▶ _Activity_
Retype the whole listing below exactly, keeping every picture out of it.

▶ _Source data_
################

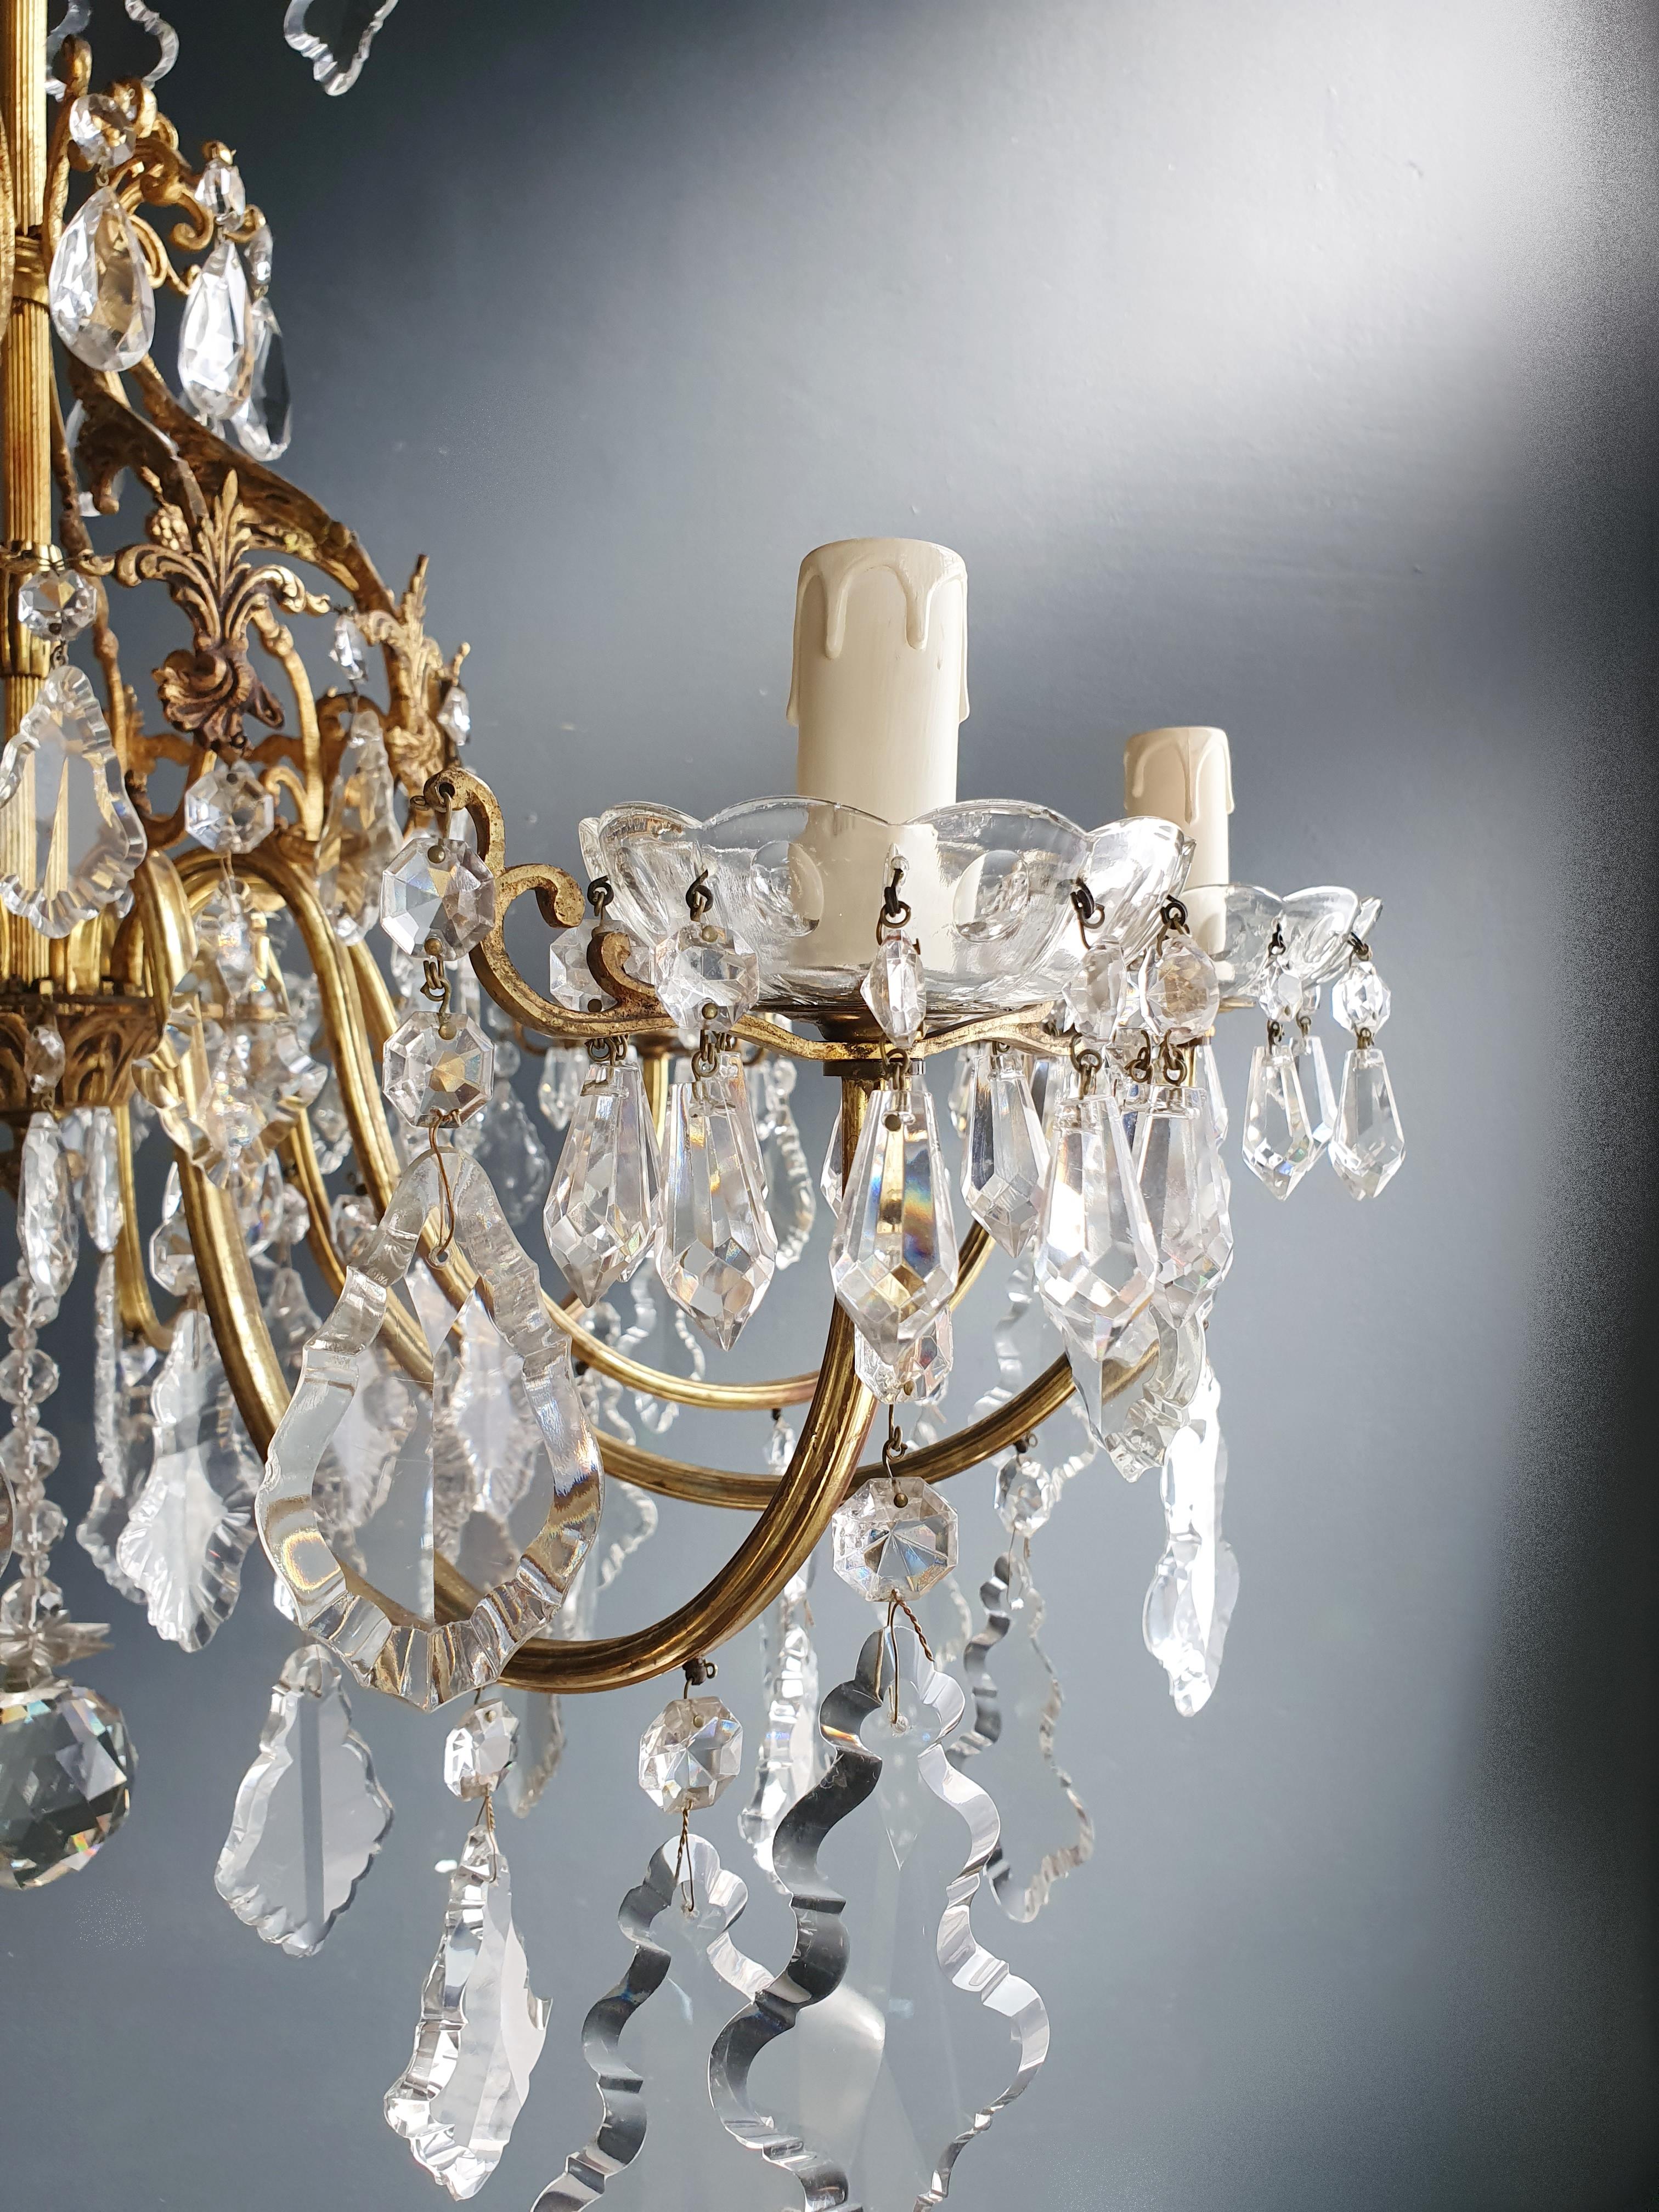 Mid-20th Century Brass Crystal Chandelier Antique Ceiling Lamp Lustre Art Nouveau Lamp
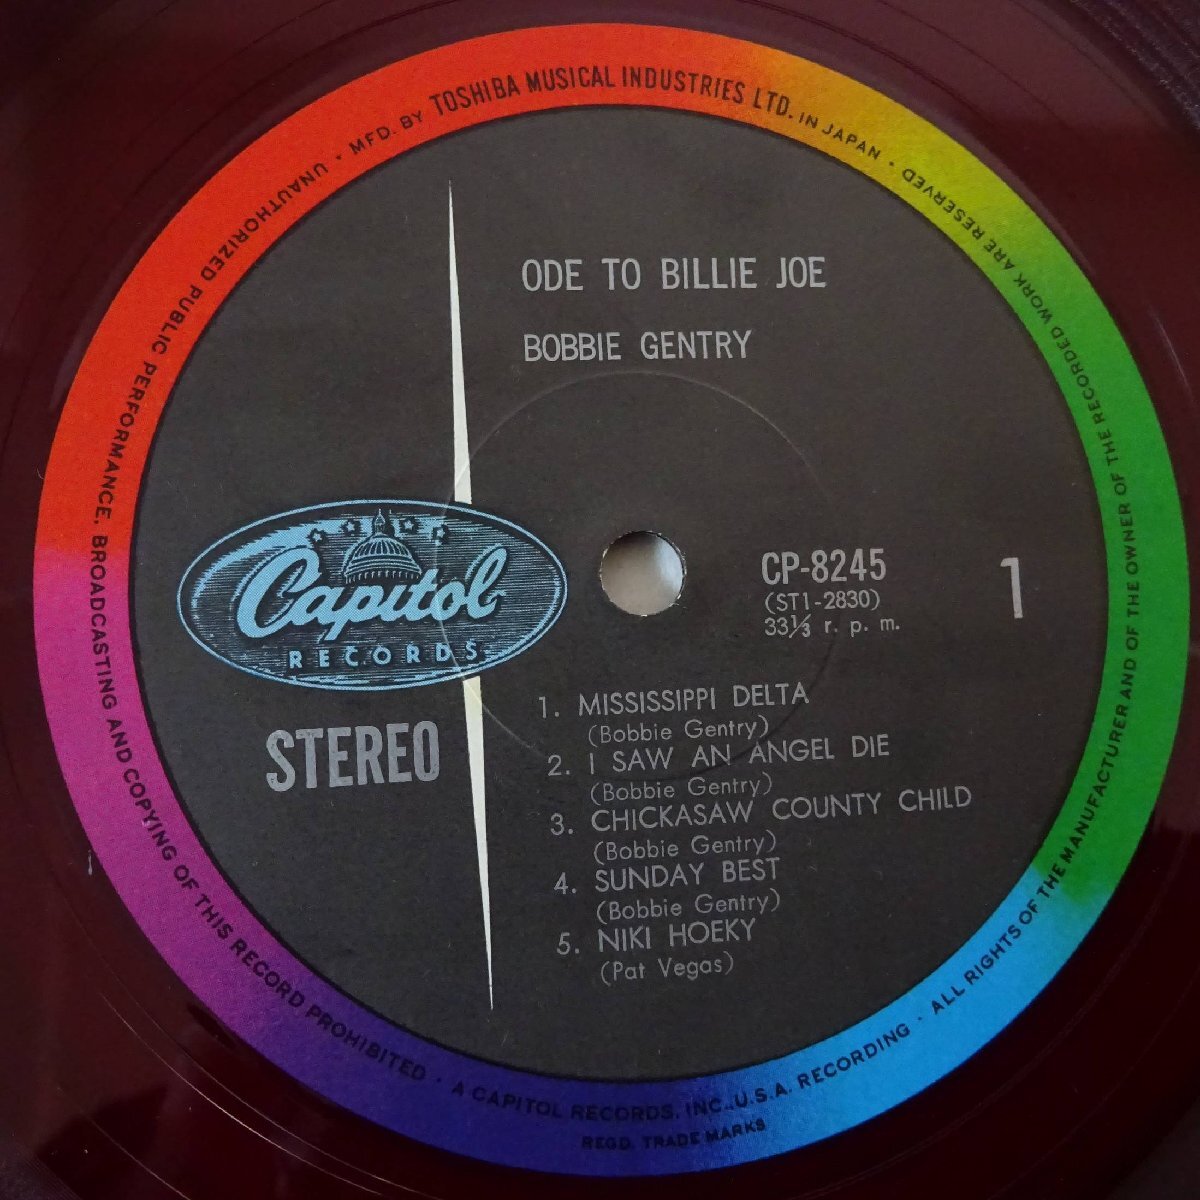 11184049;【国内盤/赤盤/ペラジャケ】Bobbie Gentry / Ode To Billie Joe 話題の新星 ボビー・ジェントリー登場_画像3
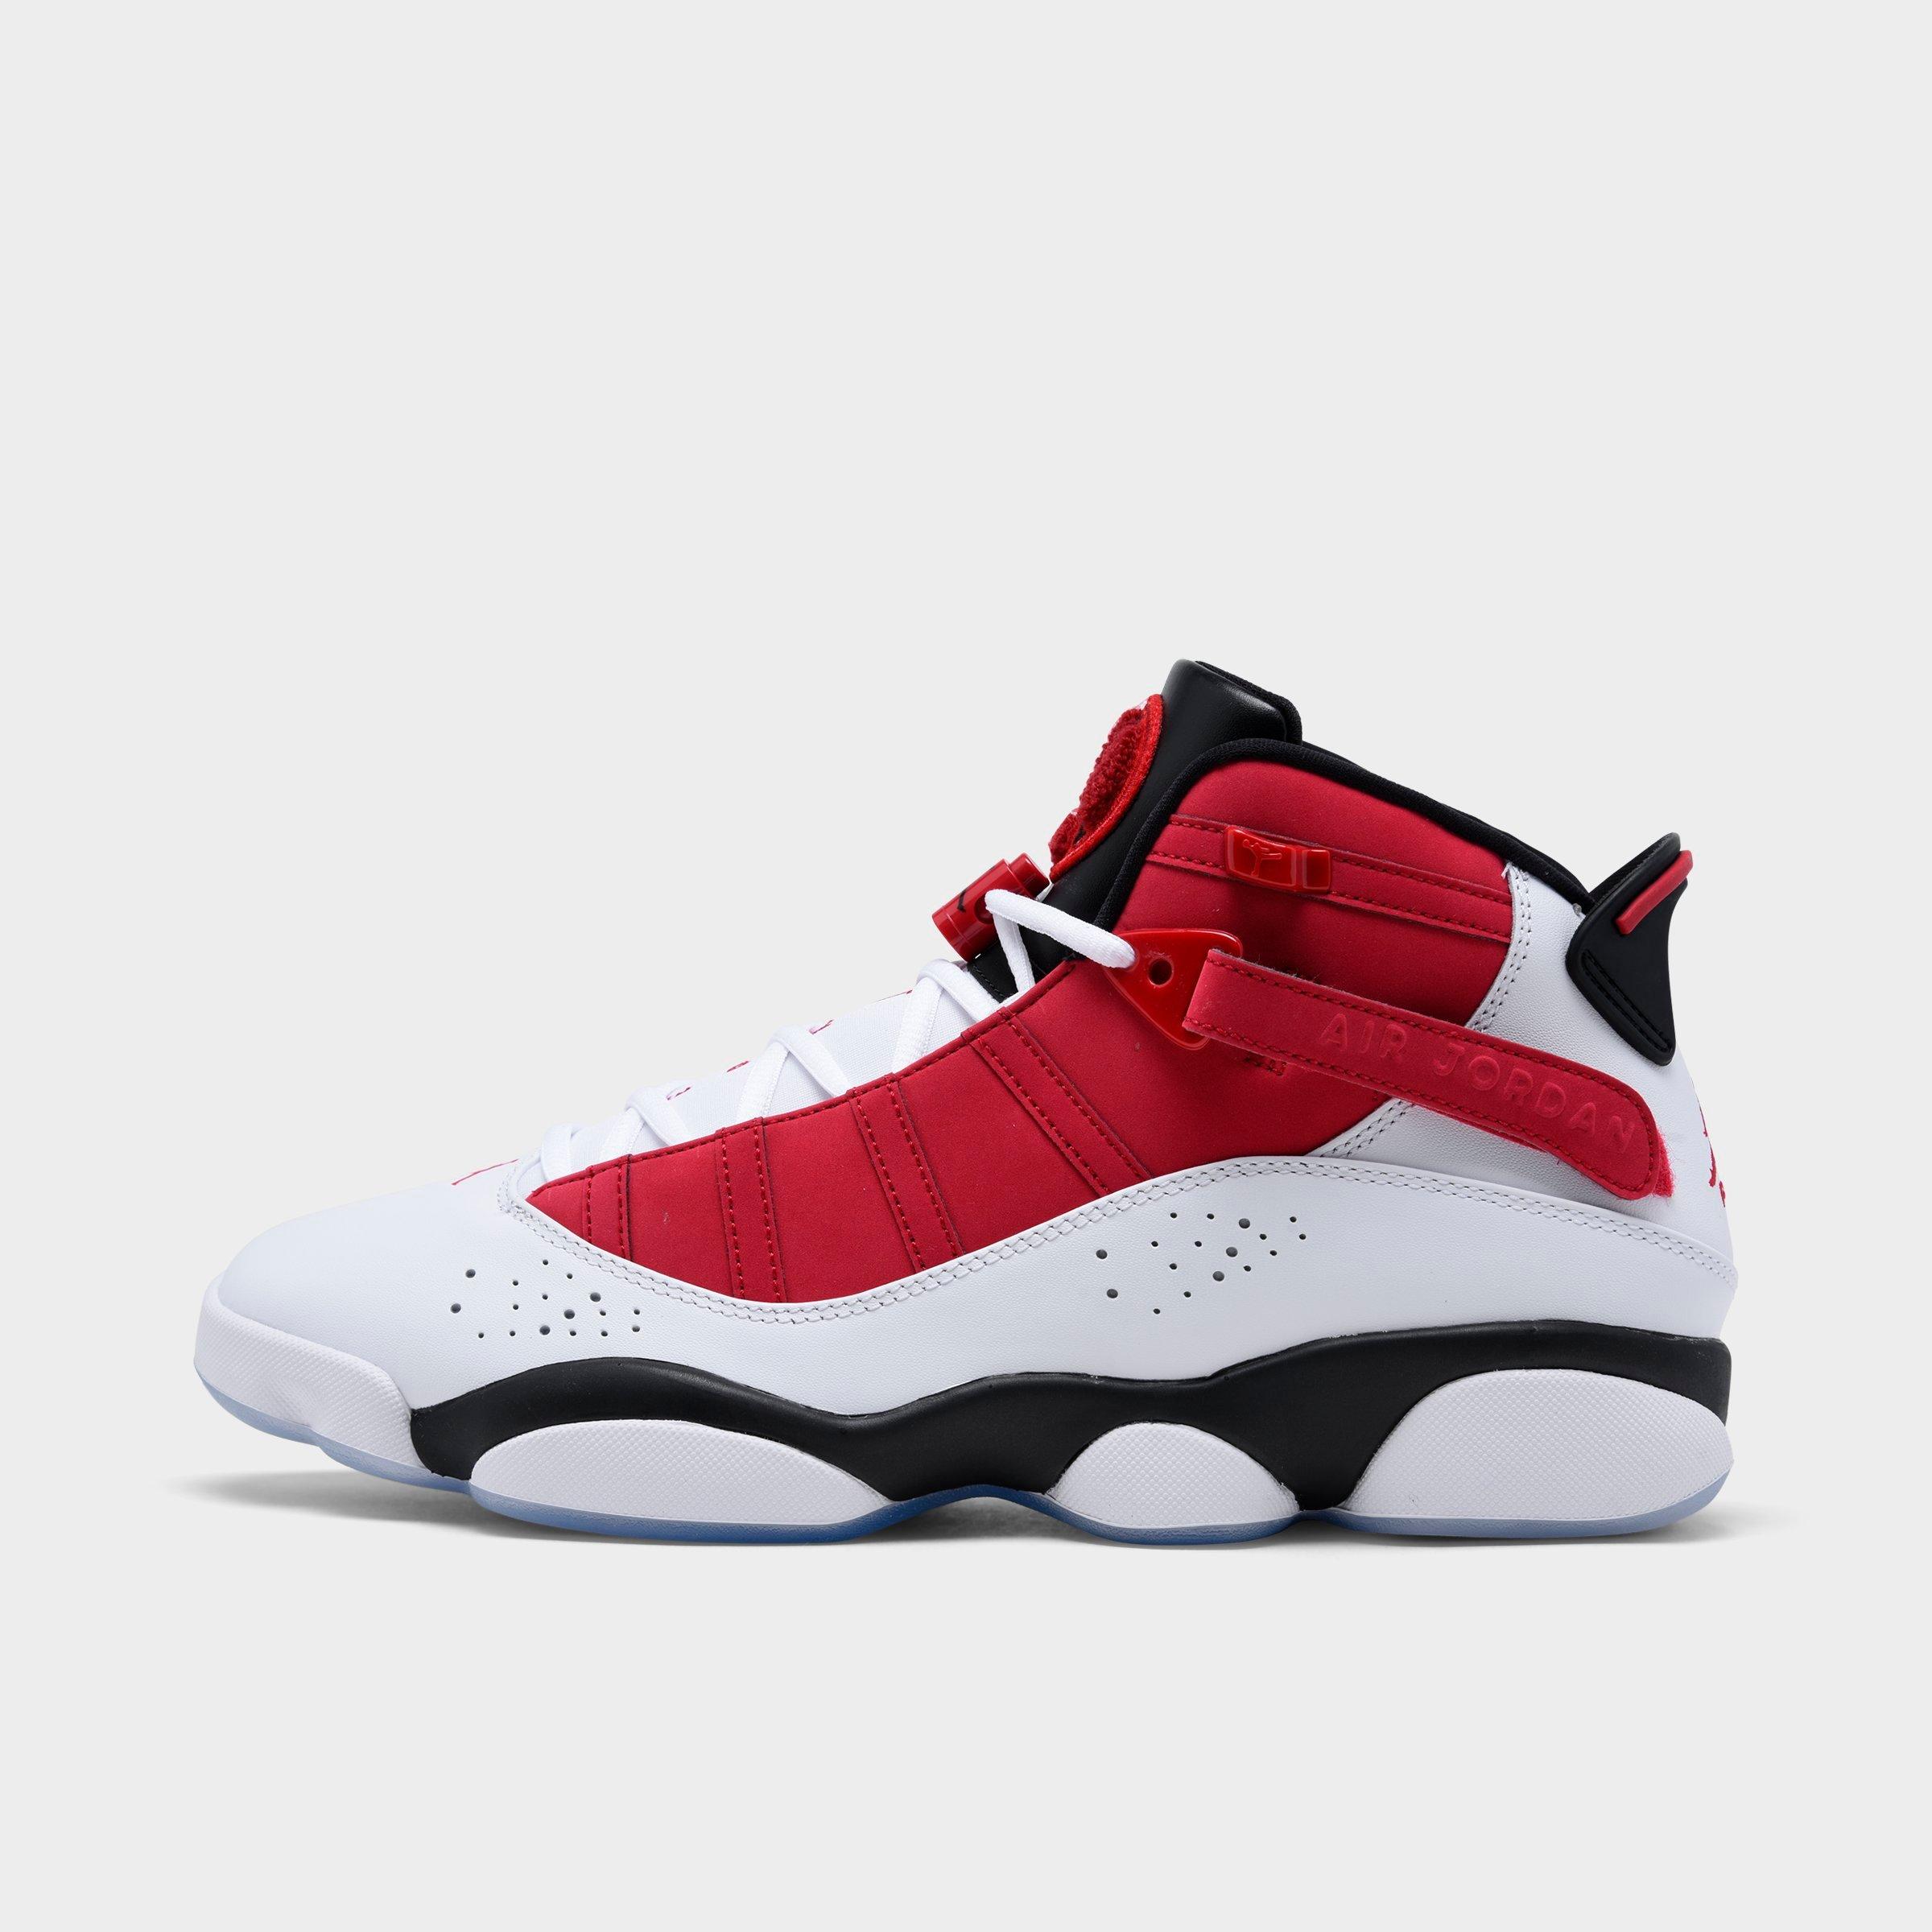 Jordan Retro Shoes | Air Jordan Retro

################

▶ _Exercise answer_
 Mid-20th Century Brass Crystal Chandelier Antique Ceiling Lamp Lustre Art Nouveau Lamp
 11184049;【国内盤/赤盤/ペラジャケ】Bobbie Gentry / Ode To Billie Joe 話題の新星 ボビー・ジェントリー登場_画像3
 Jordan Retro Shoes | Air Jordan Retro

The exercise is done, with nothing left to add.